Their hearts, their fortunes, and their being blend."

     It must be evident to all that marriage is a step of incalculable importance, and ought never to be taken without the greatest consideration and the utmost caution. If the duties of this state are so numerous and so weighty, and if the right discharge of these obligations, as well as the happiness of our whole life, and even our safety for eternity depend, as they necessarily must do, in no small measure upon the choice we make of a husband or wife, then let reason determine with what deliberation we should advance to such a connection. It is obvious that no decision of our whole earthly existence requires more of the exercise of a calm judgment than this; and yet observation proves how rarely the judgment is allowed to give counsel, and how generally the imagination and the passions settle the business.

     A very great portion of the misery and of the crime with which society is depraved and afflicted is the result of ill-formed marriages. To use the beautiful language of another, "those who enter the marriage state cast a die of the greatest contingency, and yet of the greatest interest in the world, next to the last throw for eternity. Life or death, felicity or a lasting sorrow, are in the power of marriage. A woman indeed ventures most, for she hath no sanctuary to retire to from an evil husband; she must dwell upon her sorrow, which her own folly hath produced; and she is more under it, because her tormentor hath warrant of prerogative, and the woman may complain to God, as subjects do of tyrant princes, but otherwise she hath no appeal in the causes of unkindness. And though the man can run from many hours of sadness, yet she must return to it again; and when he sits among his neighbors, he remembers the objection that lies in his bosom, and he sighs deeply."

     If, however, it were merely the comfort of the married pair themselves that was concerned, it would be a matter of less consequence, a stake of less value; but the wellbeing of a family, not only for this world, but for the next, and equally so the well-being of their descendants, even to a remote period, depends upon this union. In the ardor of passion, few are disposed to listen to the counsels of prudence; and perhaps there is no advice, generally speaking, more thrown away, than that which is offered on the subject of marriage.
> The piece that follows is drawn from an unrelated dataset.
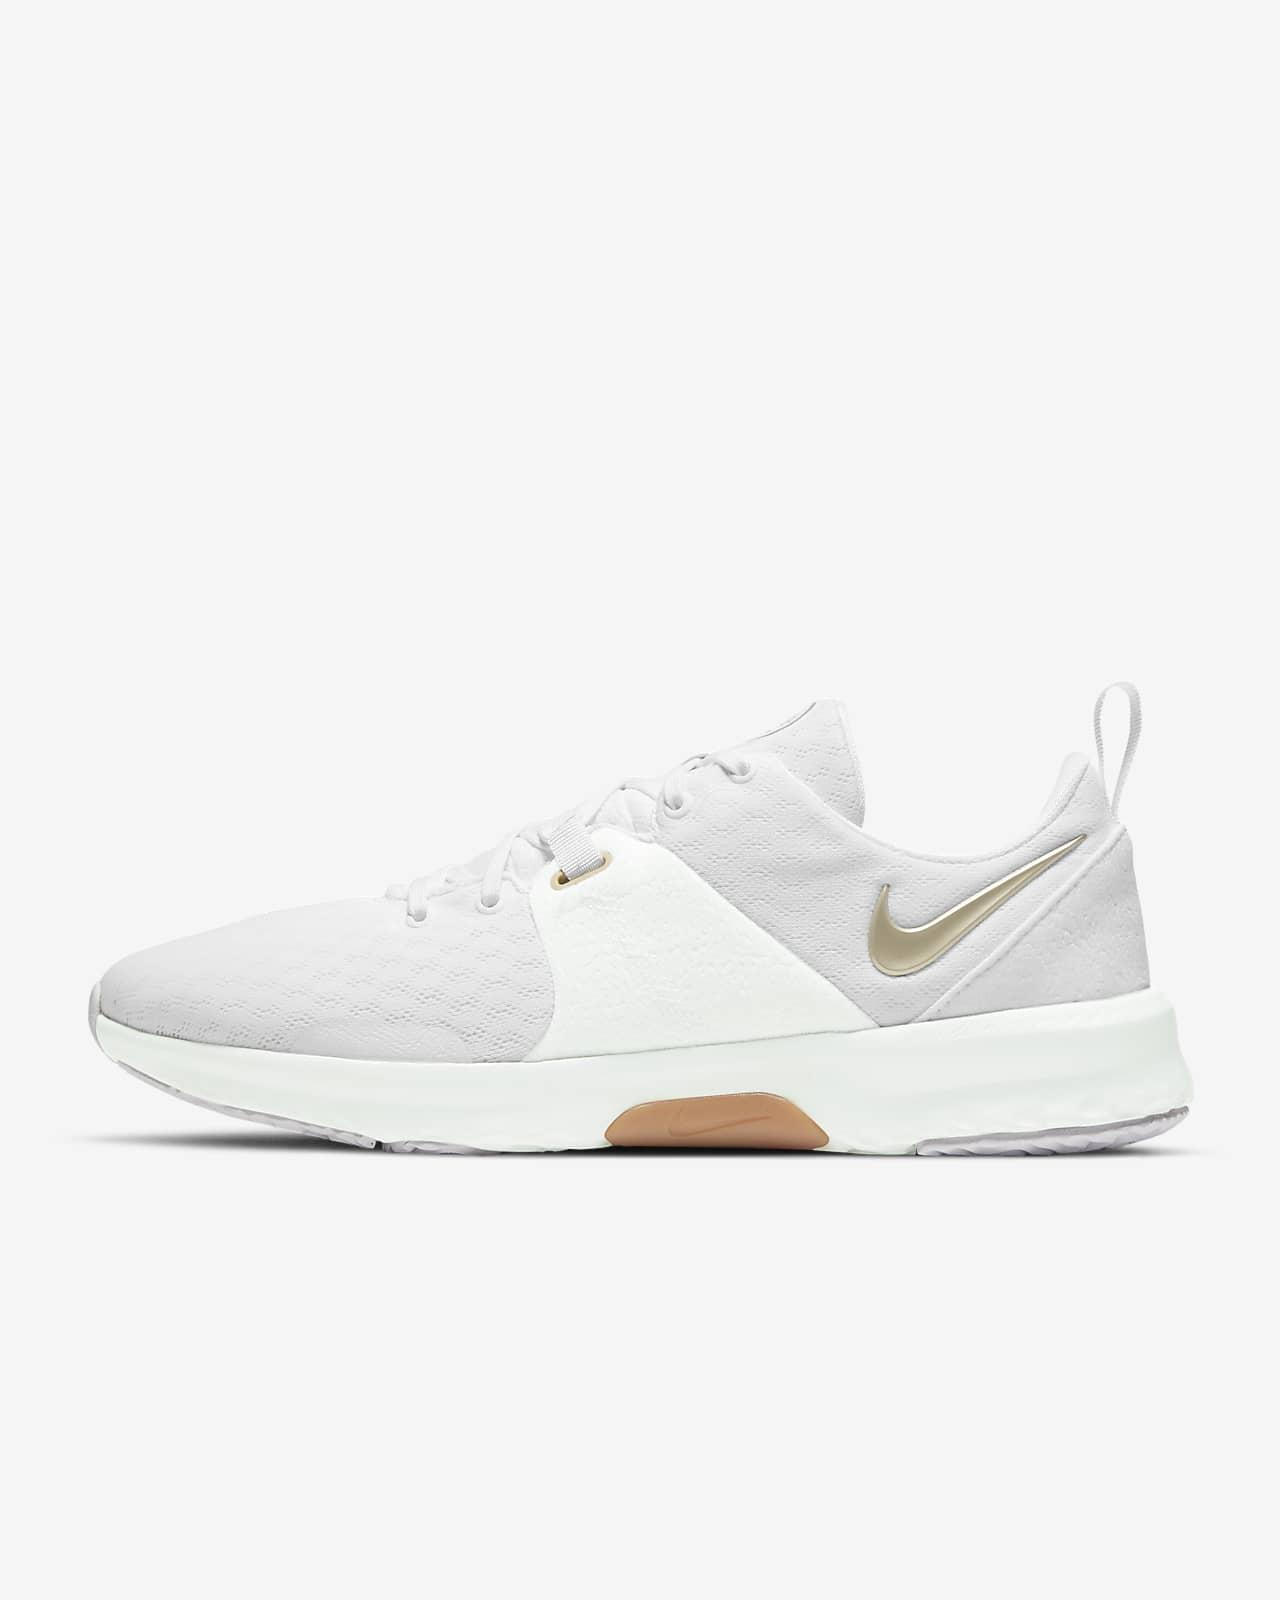 Nike City Trainer 3 Women's Training Shoe

      Most persons, especially if they are already attached to a selected object, although they have not committed themselves by a promise or even a declaration, will go on in the pursuit, blinded by love to the indiscretion of their choice; or desperately determined, with the knowledge of that indiscretion, to accomplish, if possible, their purpose. Upon such individuals, reasoning is wasted, and they must be left to gain wisdom in the only way by which some will acquire it—painful experience. To others, who may be yet disengaged, and disposed to hearken to the language of advice, the following remarks are offered. In the affair of marriage, be guided by the advice of parents or guardians. Parents have no right to select for you, nor ought you to select for yourself, without consulting with them. How far they are vested with authority to prohibit you from marrying a person whom they disapprove, is a point of casuistry very difficult to determine.